Welcome to 2025 | Economic & Market Review

For the quarter ending December 31st, 2024.


Let's face it, the November election overshadowed just about everything else this past quarter. Not even two rate cuts by the FOMC were enough to stop the bleeding in the bond market. If you ponder this for a moment, you realize the significance of bonds losing value as the Fed was lowering the cost of capital. When was the last time that occurred? 


So back to the initial statement: the convincing Trump victory immediately created the following narrative: tariffs will increase, as should economic activity (the term 'animal spirits' is once again in vogue); wages - especially among lower-level workers - will increase with a reduced workforce thanks to deportations; and taxes will be lowered, which may increase the federal deficit and debt. All of this should result in an increase in interest rates. Now, whether all, some, or none of this actually comes to fruition remains to be seen. But at the end of the day, this narrative put the FOMC rate cuts back to page-five reading. 


Yes, the bond market took a beating over the past few months while domestic stocks continued to head northward in the face of rising skepticism. Nothing new here, but technology issues trounced all the other sectors as the U.S. trounced just about every other country. In other words, it paid to stay home and go big in 2024. 

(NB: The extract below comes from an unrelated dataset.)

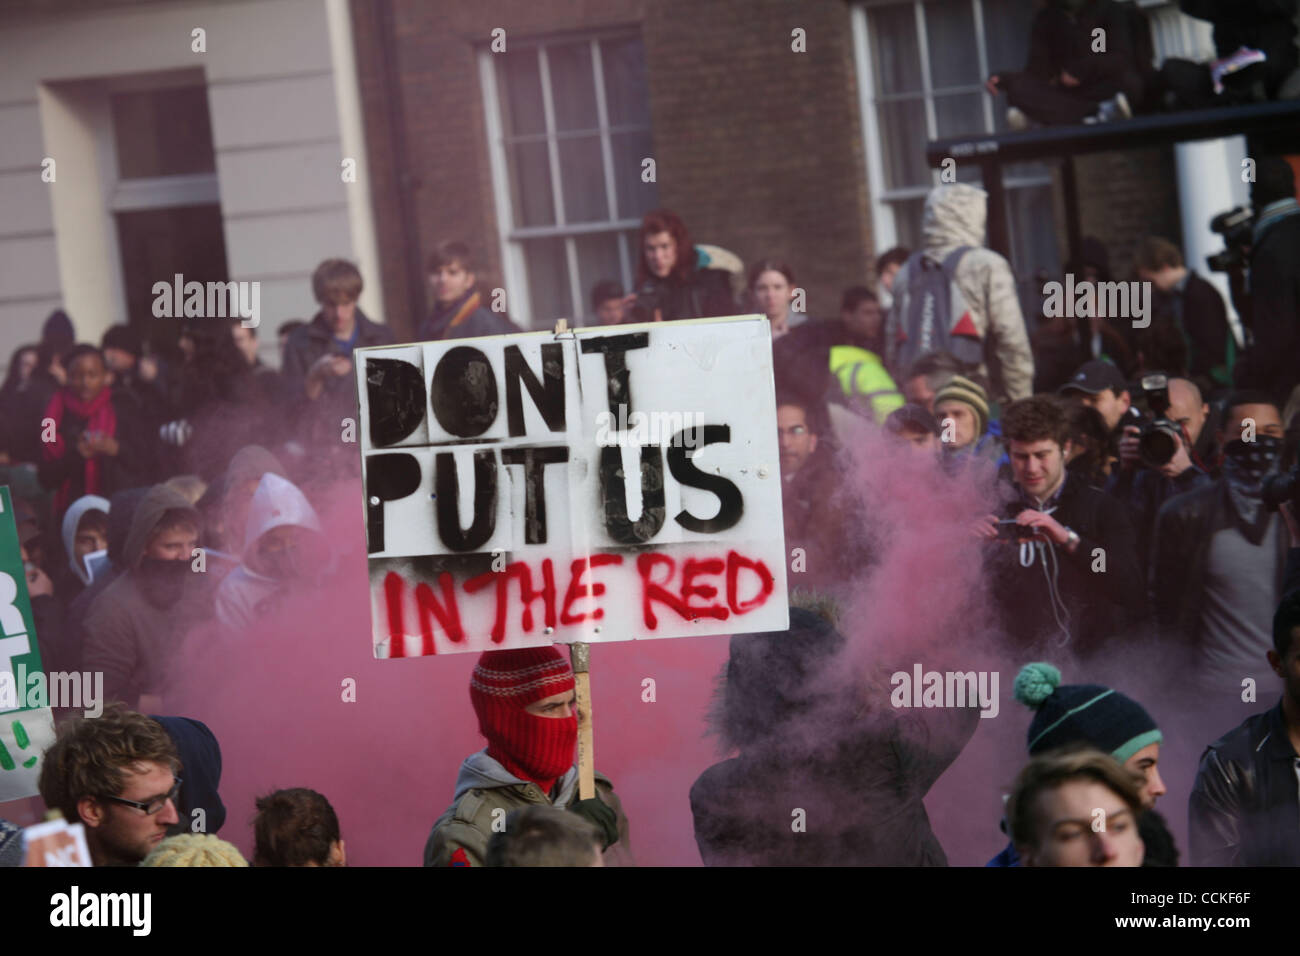 Nov 24, 2010 - London, England, United Kingdom - A student protest against tuition fees and EMA grant cuts again turned violent after police 'kettled' the protesters. Protests against planned increases in tuition fees and maintenance grant cuts. This is the second student day of action and a student Stock Photo

As we look ahead to 2025, Washington, D.C., will continue to grab the headlines and, like it or not, probably provide direction to the capital markets. The Fed will try to save face, but let's not kid ourselves: who can compete with Donald Trump for headlines, airtime, and social media feeds? And don't forget to look out for geopolitical surprises. After all, Putin, Xi, and their North Korean little (big) boy all want some face time too. Welcome to 2025. 


 

Highlights


  • Final reading of year-over-year third quarter GDP at 3.1%

  • FOMC cut rates two times in the 4th quarter (three for the year), baseline rate stands at 4.50%

  • Unemployment at 4.2% while inflation at 2.7% - both trending (slightly) upward


  • Domestic stocks increased by 2.6% in the 4th quarter and 23.8% for the year 

  • Technology sector was the strongest performer for the quarter and year, healthcare the worst

  • Foreign stocks, both DM and EM, continue to drastically trail the U.S. 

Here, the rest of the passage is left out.